Total volume of the solution = (30.00 + 5.00) mL = 35.00 mL.

[HA]_e = (0.00345/35.00) mM

[KA]_e = (0.0015/35.00) mM

Use the Henderson-Hasslebach equation to find the pH as

pH = pK_a + log [KA]_e/[HA]_e = 4.87 + log [(0.0015/35.00)/(0.00345/35.00)] = 4.87 + log (0.0015/0.00345) = 4.87 + log (0.43478) = 4.508 ≈ 4.51 (ans).

Part C

Moles of KOH added = (10.00 mL)*(1 L/1000 mL)*(0.300 mol/L) = 0.003 mol.

Total volume of solution = (30.00 + 10.00) mL = 40.00 mL.

Moles of HA at equilibrium = (0.00345 – 0.003) = 0.00045 mol.

Moles of KA at equilibrium = 0.003 mol (we can find out these two values by putting up an ICE chart as above).

[HA]_e = (0.00045/40.00) mM

[KA]_e = (0.003/40.00) mM

Use the Henderson-Hasslebach equation:

pH = pK_a + log [KA]_e/[HA]_e = 4.87 + log [(0.003/40.00)/(0.00045/40.00)] = 4.87 + log (0.003/0.00045) = 5.6939 ≈ 5.69 (ans).

Part D

Calculate the volume of KOH required for complete neutralization of HA with KOH using the dilution law as

(30.00 mL)*(0.165 M) = V*(0.300 M)

====> V = 16.5 mL

Volume of KOH required for titration = 16.5 mL.

Moles of KOH consumed at the equivalence point = moles of KA produced = (16.5 mL)*(1 L/1000 mL)*(0.300 mol/L) = 0.00495 mol.

KA is the conjugate base of the weak acid and re-establishes equilibrium as

KA (aq) + H₂O (l) <====> HA (aq) + KOH (aq)
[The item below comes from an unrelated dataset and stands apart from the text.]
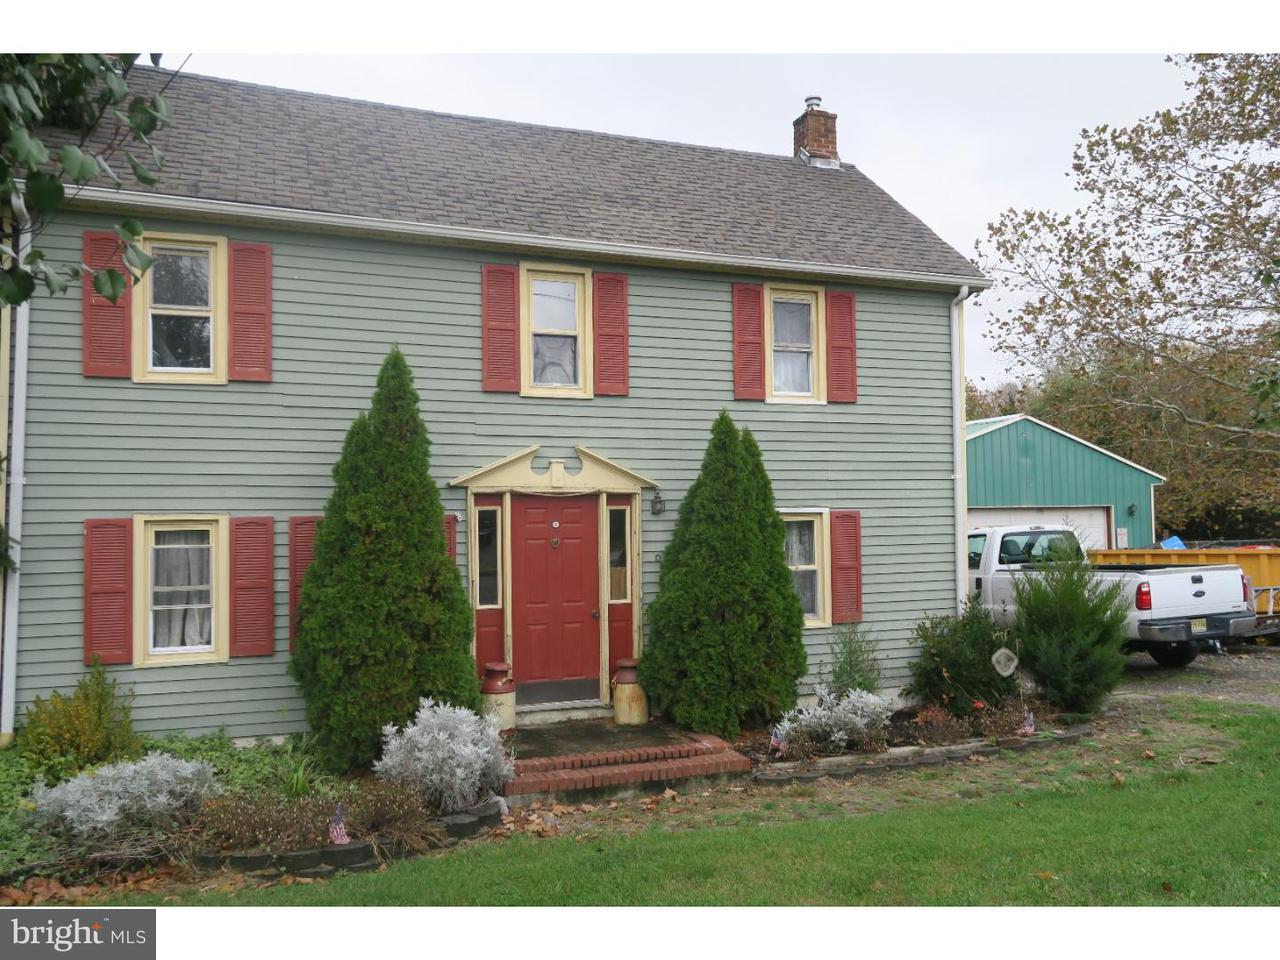 Tek Ailelik Ev için Satış at 6 BUNTING BRIDGE Road Cookstown, New Jersey 08511 Amerika Birleşik Devletleri

Since KOH (base is produced), we must work with the pK_b of KA. Given pK_a = 4.87,

pK_b = 14 – pK_a = 14 – 4.87 = 9.13

===> K_b = 10^-9.13 = 7.41*10^-10

Total volume of the solution = (30.00 + 16.5) mL = 46.5 mL = 0.0465 L.

[KA] = (0.00495/0.0465) mol/L = 0.106 M

We must have

K_b = [HA][KOH]/[KA] = x²/(0.106 – x)

Small x approximation:

7.41*10^-10 = x²/0.106

====> x² = 7.8546*10^-11

====> x = 8.8626*10^-6 ≈ 8.863*10^-6

Therefore, [KOH] = 8.863*10^-6 M and pOH = -log [OH^-] = -log(8.863*10^-6) = 5.052

pH = 14 – pOH = 14 – 5.052 = 8.948 ≈ 8.95 (ans).